• In response to confusion regarding Section 25600.2 of the new Article 6 warning regulations, California’s Office of Environmental Health Hazard Assessment (OEHHA) has proposed amendments to clarify how a product manufacturer—and other parties that may receive the products before the retailer—can pass warning information (and the responsibility to warn) along the supply chain and ultimately onto retailers.
  • Section 25600.2 is in part intended to reduce the burden on retailers to provide consumer product warnings by requiring a manufacturer, producer, packager, importer, supplier or distributor of a consumer product (without a warning on its label) to provide the retailer with a formal notice that includes any warning materials that the retailer would need to provide the warning to consumers (e.g., shelf signs, tags, internet warning language, etc.).

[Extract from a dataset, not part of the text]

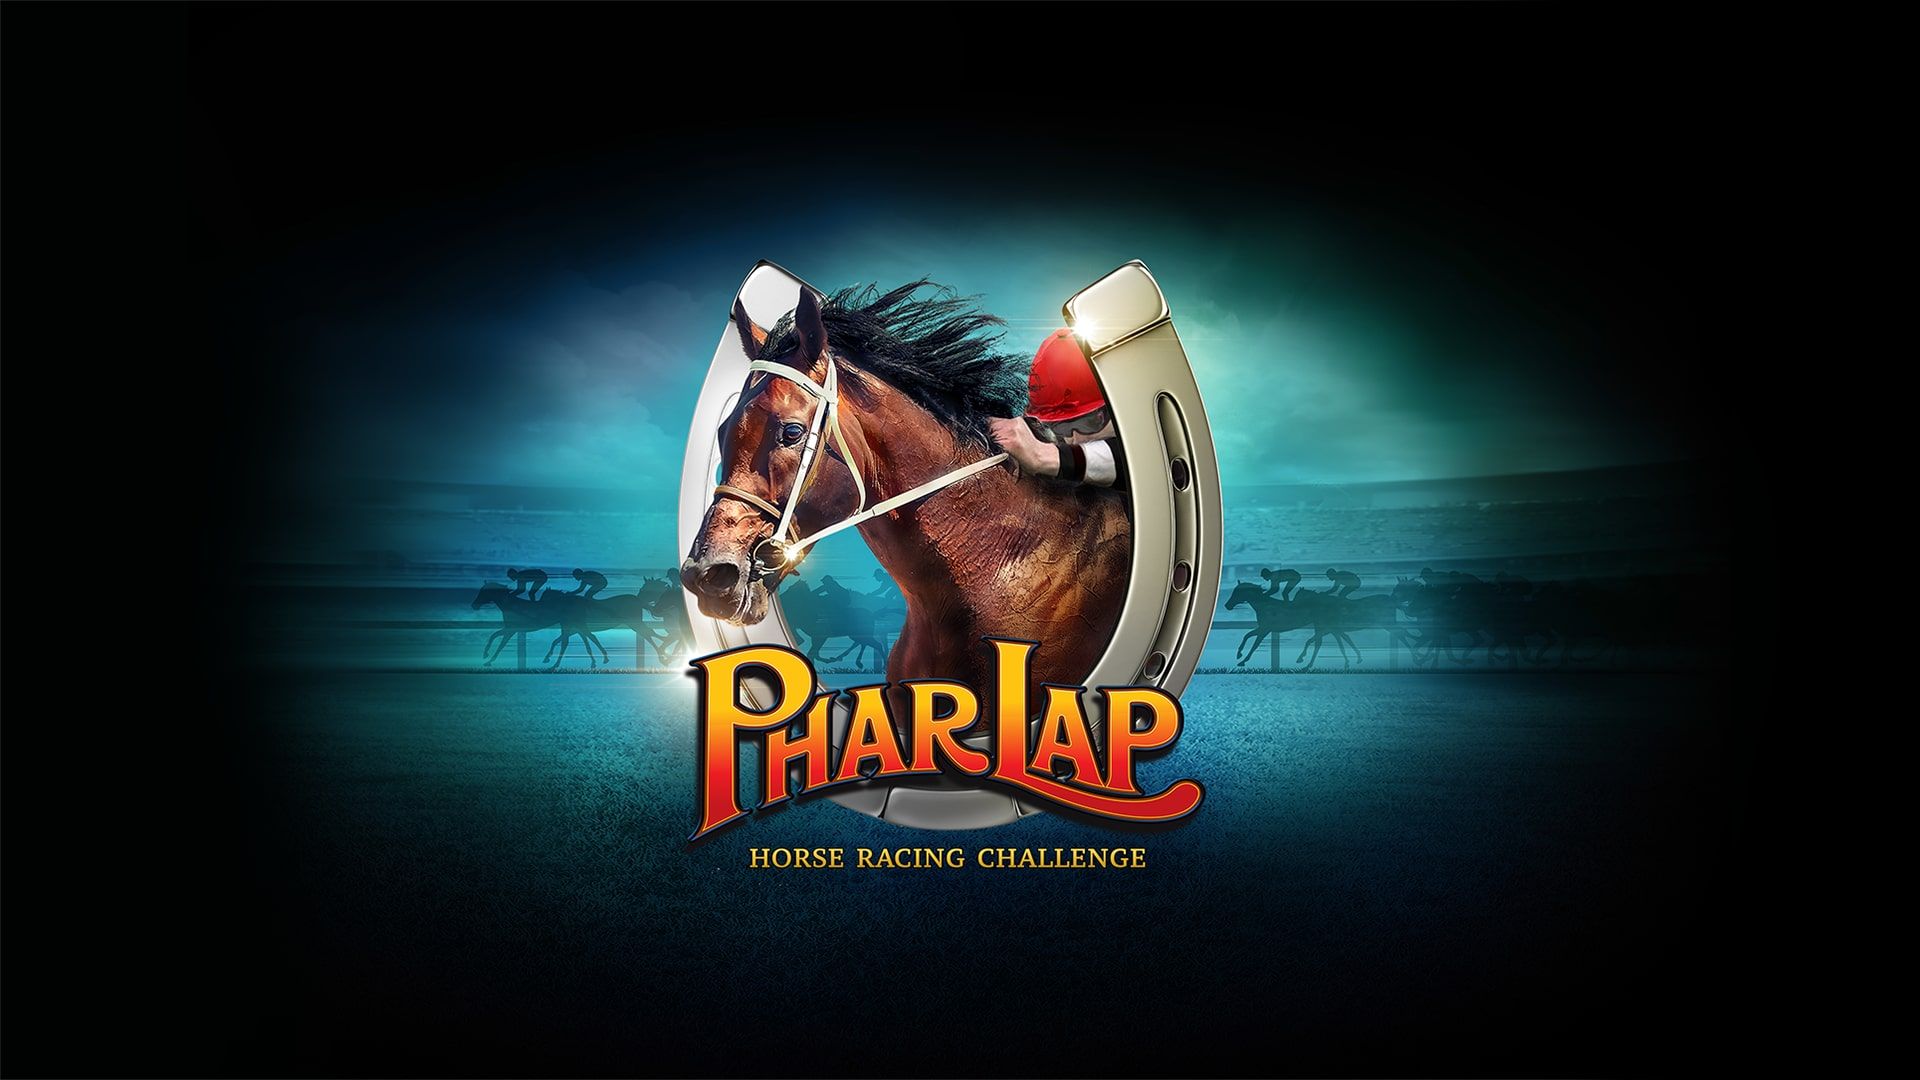 Phar Lap - Horse Racing Challenge cover image

  • The current language requires the notice to be sent to “the authorized agent for the retail seller.”  The proposed amendments to Section 25600.2 would allow parties in the supply chain to provide the notice to the “the authorized agent for business to which they are selling or transferring the product” (i.e., to provide notice to the next link in the supply chain, even if the next link is not the retailer).  Also, to avoid a situation in which a business has no “authorized agent” to accept the notice, the amendments would allow the notice to be sent to “the legal agent for service of process” for the business.
  • Acknowledging the complexity of some supply chains, OEHHA intends the amendments to clarify Section 25600.2 and facilitate the transfer of warning information (as well as the responsibility to warn) along the supply chain.  The amendments are not intended to reflect a shift in OEHHA’s approach to underlying policy issues like minimizing the burden on retailers.  Comments are being accepted through December 31, 2018.